Central Limit Theorem
Pick a distribution: * Uniform – platykurtic * Binomial – symmetric and mesokurtic * Exponential – highly skewed * Gamma (shape = 3) – skewed * T (df =3) – high kurtosis
Slide the sample size up and down, notice how the empirical distribution function and histogram coverge to the normal distribution function and density.
#| standalone: true
#| viewerHeight: 750
library(shiny)
nmax <- 1000
mmax <- 100
rdist <- list(Uniform=runif,
Binomial= function(n) rbinom(n,1,.5),
Exponential = rexp,
Gamma = function(n) rgamma(n,3),
"T" = function(n) rt(n,3))
ui <- fluidPage(
inputPanel(
selectInput("dist",label="Distribution Type",
choices=c("Uniform","Binomial","Exponential","Gamma","T"),
selected="Unifor"),
sliderInput("NN", label = "Number of Samples:",
min = 25, max=nmax, value=nmax, step=5),
sliderInput("MM",label="Size of each sample:", min=1, max=mmax,value=1,step=1)
),
mainPanel(
plotOutput("convplot")))
server <- function (input,output) {
XX <- reactive(matrix(do.call(rdist[[input$dist]],list(nmax*mmax)),nmax,mmax))
output$convplot <- renderPlot({
layout(matrix(1:4,2,2))
X1 <- XX()[1:input$NN,1]
Xmean <- rowMeans(XX()[1:input$NN,1:input$MM,drop=FALSE])
hist(X1,main="Average of sample of size 1",probability=TRUE)
curve(dnorm(x,mean(X1),sd(X1)),add=TRUE,lty=2,col="red")
qqnorm(X1,main="Average of sample of size 1")
qqline(X1)
hist(Xmean,
main=paste("Average of sample of Size",input$MM),probability=TRUE)
curve(dnorm(x,mean(Xmean),sd(Xmean)),add=TRUE,lty=2,col="red")
qqnorm(Xmean,main=paste("Average of sample of Size",input$MM))
qqline(Xmean)
})
}
shinyApp(ui=ui,server=server)
The left column shows the original distribution. (I call that the black hat in my CLT demo.)
The right column shows the distribution of means of size \(M\) (adjusted with the second slider). (This is the white hat distribuiton, and \(M\) is the number of cards averaged to get the white hat value.)
The top row shows histograms with a normal curve on top.
The bottom row shows a QQ-plot. This shows how much the sample is different from a normal distribution. A normal distribution should be right on top of the diagonal line.

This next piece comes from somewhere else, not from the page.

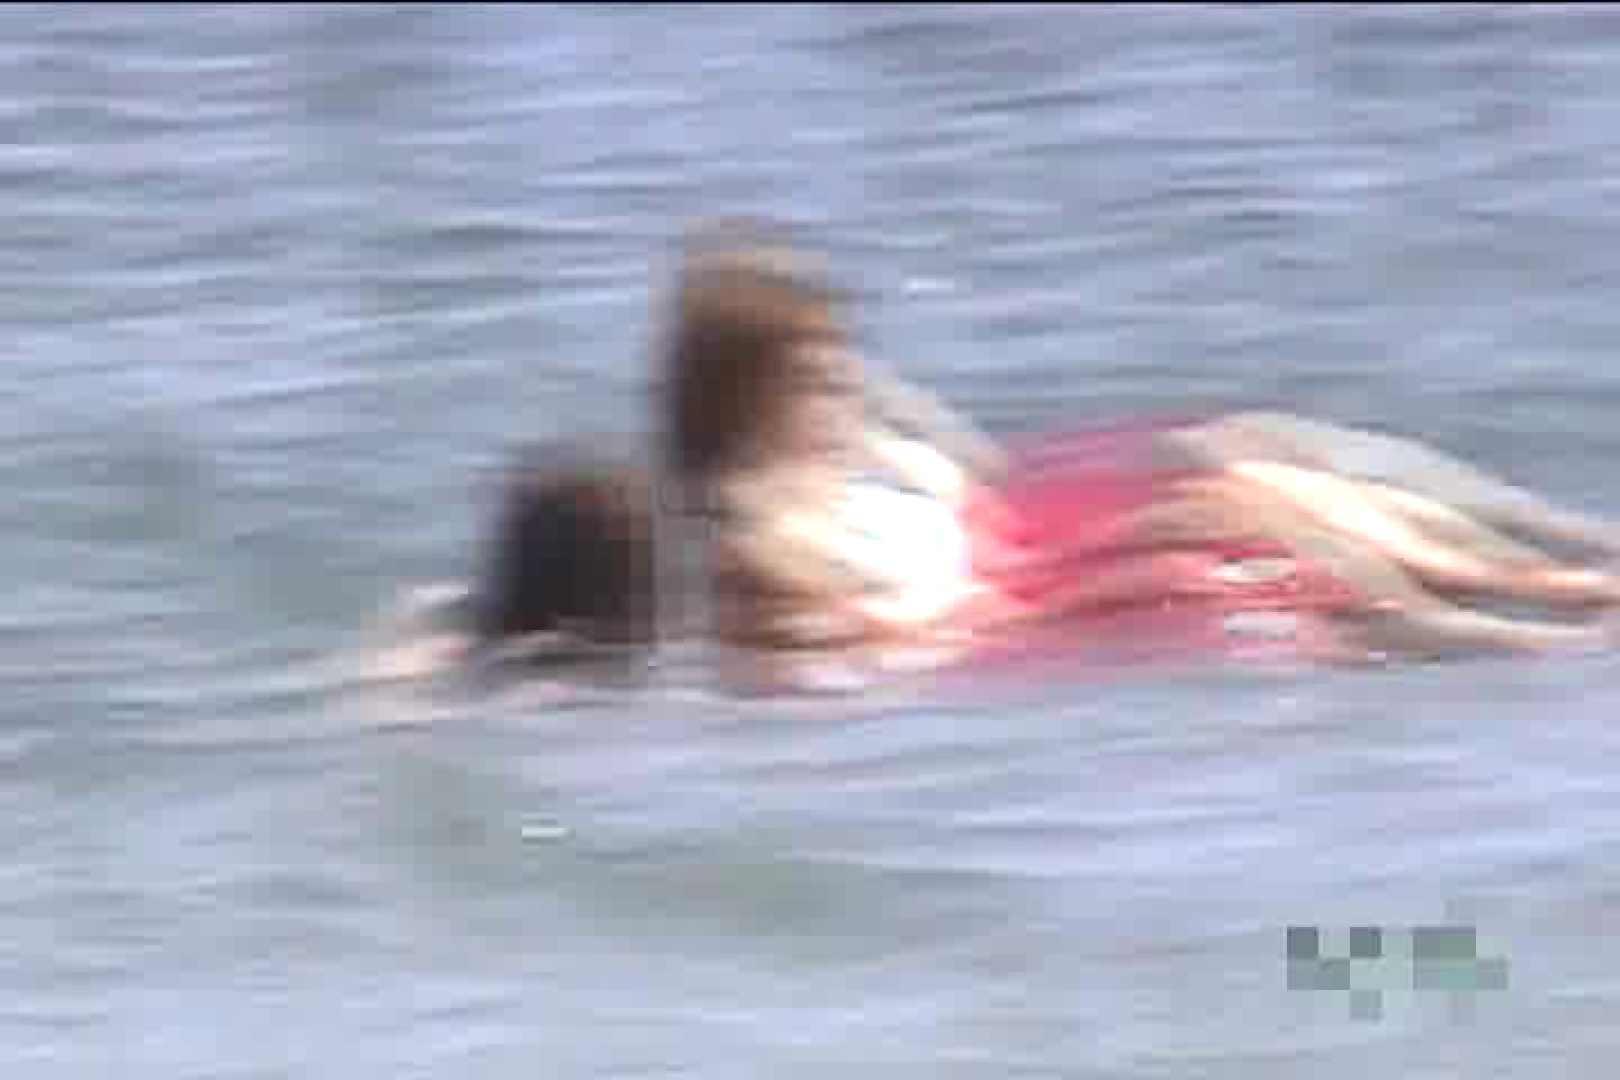 真夏のビーチは危険地帯Vol.2 S級美女ギャル   日焼け  98画像 71

A U-shaped curve indicates skewness (and an upside down U is negatively skewed). Try the exponential distribution.
An S-shaped curve indicates high kurtosis (a backwards S, low kurtosis) Try the Student-t and Uniform distributions.
As \(M\) (the number of cards averages to get to the white hat) gets bigger, the distribution should get closer and closer to the normal distribution.
Take home
Even if the underlying data aren’t normal, the distribution of the means of various groups should be close to normal.
Close depends on the sample size.
A bigger sample is needed if the data are highly skewed (expontential and gamma) or leptokurtic (exponential and Student t).